- _Data_:
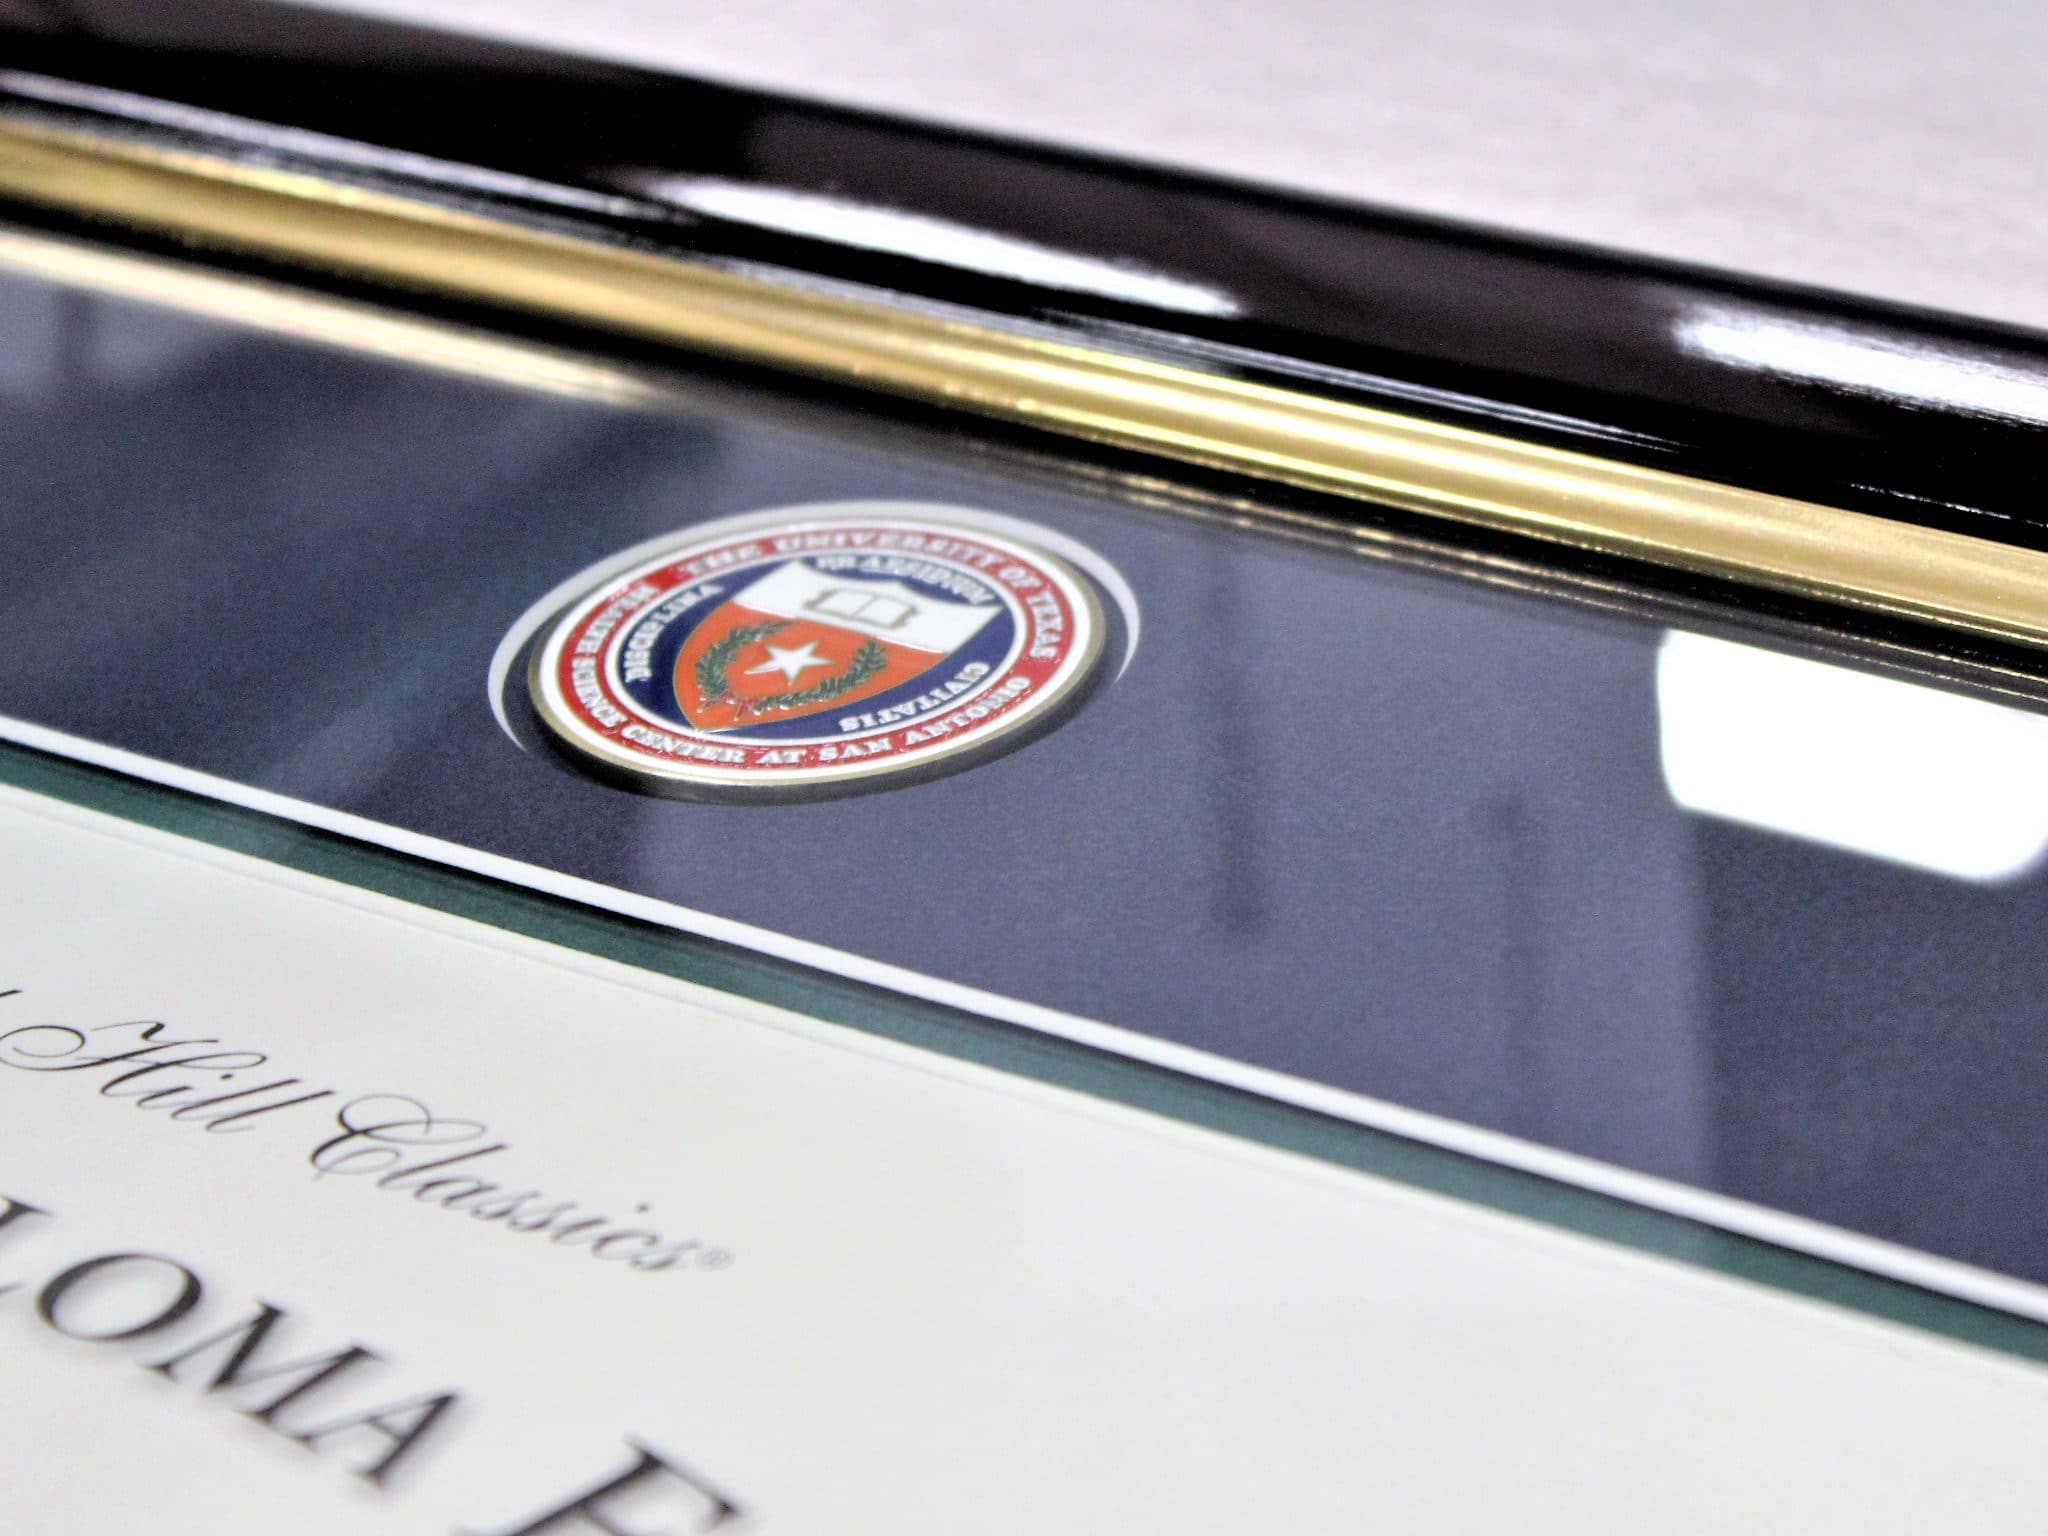 close up of church hill classics diploma frame
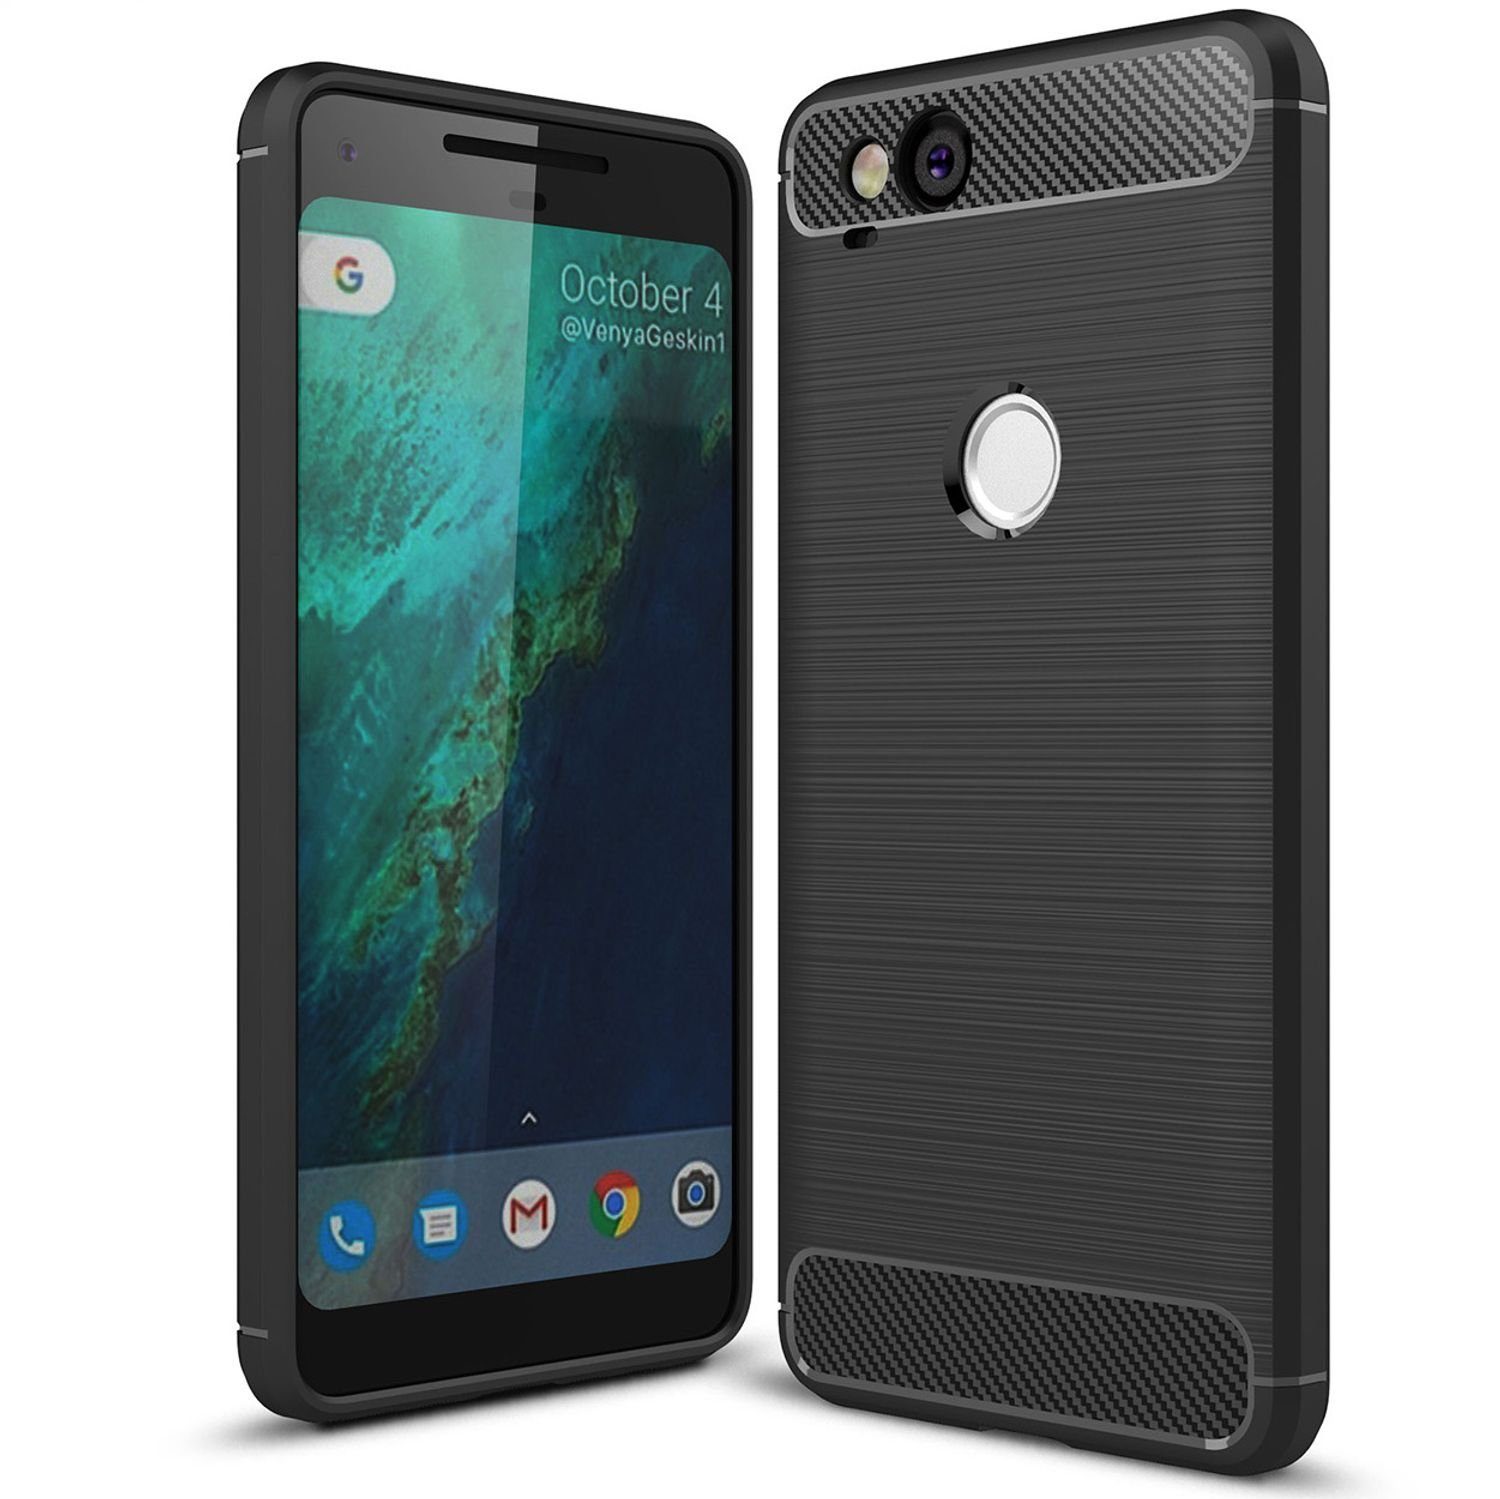 Nalia Smartphone-Hülle Google Pixel 2, Carbon Look Silikon Hülle / Matt Schwarz / Rutschfest / Karbon Optik
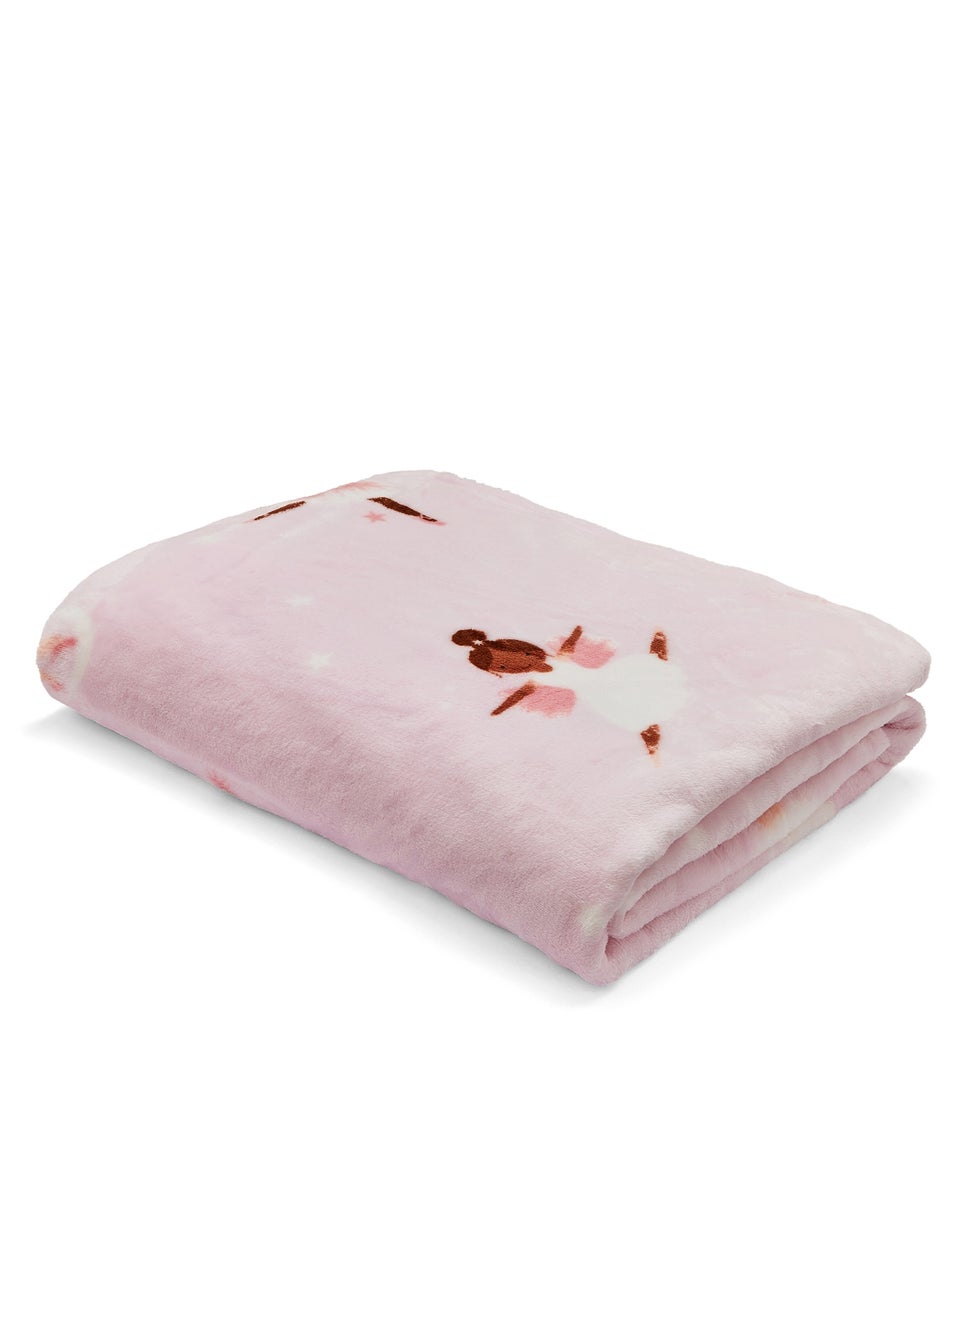 Catherine Lansfield Уютное флисовое одеяло Танцующие феи размером 130x170 см, розовый

- _Try it_: Restate, exactly as they appear, the line with "Nalia Smartphone-Hülle Google" and all the lines after it up to the end of the data above; images do not belong in the copy.

- _Written solution_:
 Nalia Smartphone-Hülle Google Pixel 2, Carbon Look Silikon Hülle / Matt Schwarz / Rutschfest / Karbon Optik
 Catherine Lansfield Уютное флисовое одеяло Танцующие феи размером 130x170 см, розовый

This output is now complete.